As coletas foram realizadas em dois pontos distintos de Yunnan: Pu’er (sul) e Kunming (nordeste). Indivíduos capturados em Kunming apresentaram características morfológicas ainda mais desenvolvidas, o que sugere influência de fatores locais na expressão dos traços migratórios.
Ferramenta para manejo
A identificação de um ecótipo migratório tem impacto direto na gestão agrícola. Por meio da medição de apenas dois parâmetros — WL e FA — é possível classificar indivíduos como migratórios ou não, sem necessidade de dissecação ou testes destrutivos. O modelo logístico aplicado obteve 92,9% de acurácia na previsão do ecótipo, com apenas duas variáveis, o que o torna viável para uso em campo com ferramentas automatizadas.

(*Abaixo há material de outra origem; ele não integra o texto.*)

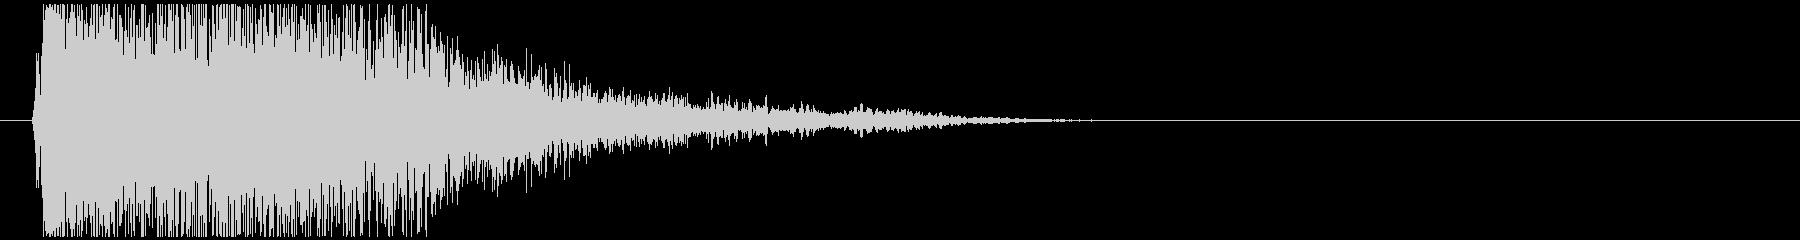 オーケストラヒットの未再生の波形

Essa metodologia pode ser integrada a sistemas de alerta precoce e controle regional da praga, contribuindo para reduzir sua população nos pontos de origem e evitar surtos em áreas agrícolas distantes. A identificação rápida e precisa do ecótipo migratório também possibilita o uso direcionado de armadilhas luminosas, feromônios e culturas geneticamente modificadas.